Morphology of Blattabacterium symbiont cells prepared from different cockroach species. (A–J) Data from the Japanese cockroach Periplaneta japonica. (A) An adult insect. (B–J) Phase-contrast microscopic images of isolated symbiont cells. (B) A low magnification image. (C–F) Magnified images of non-dividing symbiont cells. (G–J). Magnified images of dividing symbiont cells. (K–T) Data from the azure cockroach Eucorydia yasumatsui. (K) An adult insect. (L–T) Phase-contrast microscopic images of isolated symbiont cells. (L) A low magnification image. (M–P) Magnified images of non-dividing symbiont cells. (Q–T). Magnified images of dividing symbiont cells. (U–d) Data from the Indian cockroach Pycnoscelus indicus. (U) An adult insect. (V–d) Phase-contrast microscopic images of isolated symbiont cells. (V) A low magnification image. (W–Z) Magnified images of non-dividing symbiont cells. (a–d). Magnified images of dividing symbiont cells. (e) Comparisons of lengths of non-dividing and dividing symbiont cells from P. japonica, E. yasumatsui, and P. indicus. The differences between non-dividing and dividing symbiont cells are significant statistically for P. japonica and E. yasumatsui (Student’s t-test: P = 4.8 x 10⁻⁸, P = 1.2 x 10⁻⁶), whereas no significant difference was detected for P. inducus (Student’s t-test: P = 0.6).

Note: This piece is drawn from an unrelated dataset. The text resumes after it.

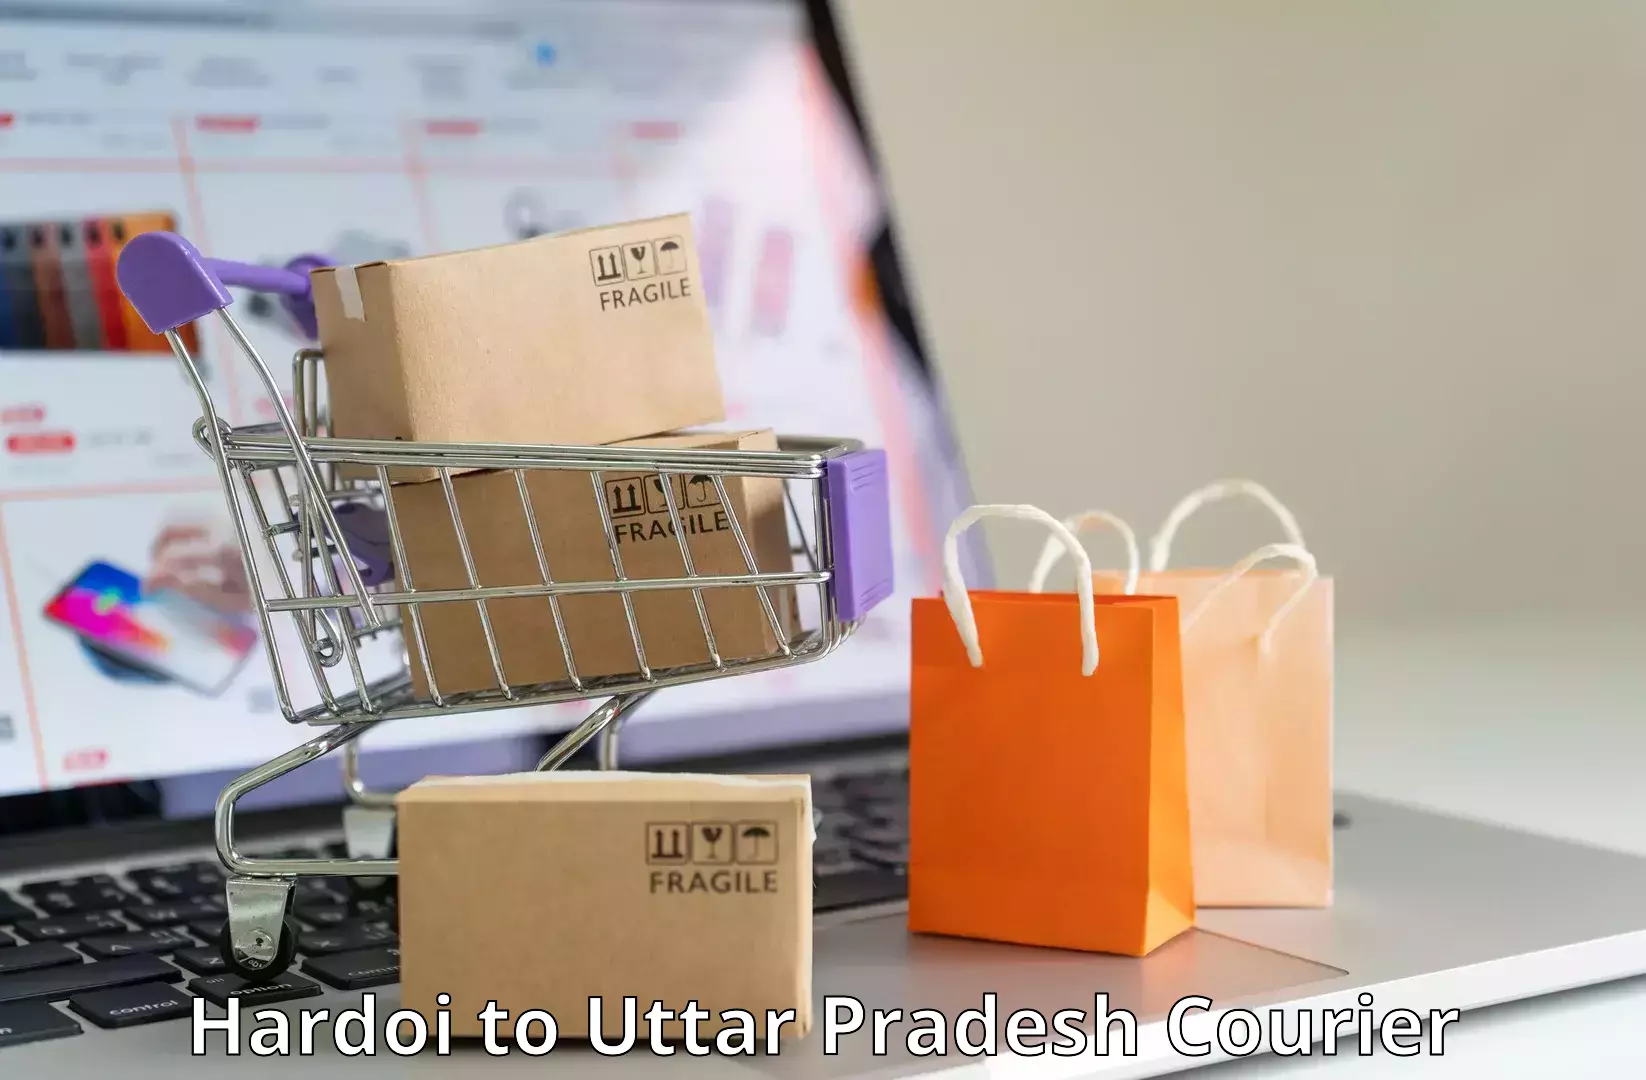 Urgent courier needs Hardoi to Uttar Pradesh

Also, see Table S1. (f) Asymmetry indices of dividing symbiont cells defined as the length of the longer daughter cell divided by the length of the shorter daughter cell, for P. japonica, E. yasumatsui, and P. indica. Also, see Table S2. Panels (C–J), (M–T), and (W–d) are 10 μm x 10 µm squares.

Fig 5

Morphology of symbiont cells from the pea aphid Acyrthosiphon pisum and the brown-winged stinkbug Plautia stali. (A–K) Data of Buchnera endosymbiont cells prepared from bacteriocytes of A. pisum. (A) An adult insect. (B) Dissected bacteriocytes. (C–K) Phase-contrast microscopic images of isolated symbiont cells. (C) A low magnification image. (D–G) Magnified images of non-dividing symbiont cells. (H–K). Magnified images of dividing symbiont cells. (L–V) Data of Pantoea gut symbiont cells prepared from the midgut symbiotic organ of P. stali. (L) An adult insect. (M) A dissected midgut symbiotic organ. (N–V) Phase-contrast microscopic images of isolated symbiont cells. (N) A low magnification image. (O–R) Magnified images of non-dividing symbiont cells. (S–V). Magnified images of dividing symbiont cells. (W) Comparisons of lengths of non-dividing and dividing symbiont cells. The differences are significant statistically for both A. pisum and P. stali (Student’s t-test: P = 6.6 x 10⁻²², P = 1.0 x 10⁻¹²). (X) Asymmetry indices of dividing symbiont cells are defined as the length of the longer daughter cell divided by the length of the shorter daughter cell, for A. pisum and P. stali. Also, see Table S2. Panels (D–K) and (O–V) are 10 μm x 10 µm squares.

Fig 6

Cell division dynamics from exponential to stationary phases of E. coli proliferation. (A) Growth curve of E. coli, in which optical densities of replicate cultures (n = 4) are averaged and plotted with standard deviations. (B) Phase-contrast microscopic image of E. coli cells in an exponential phase of proliferation, in which the majority of cells are in division. (C) Phase-contrast microscopic image of E. coli cells in a stationary phase of proliferation, in which only a few cells are in division. (D) Relationship between E. coli proliferation and dividing cell ratio (n = 22). Also, see Table S7.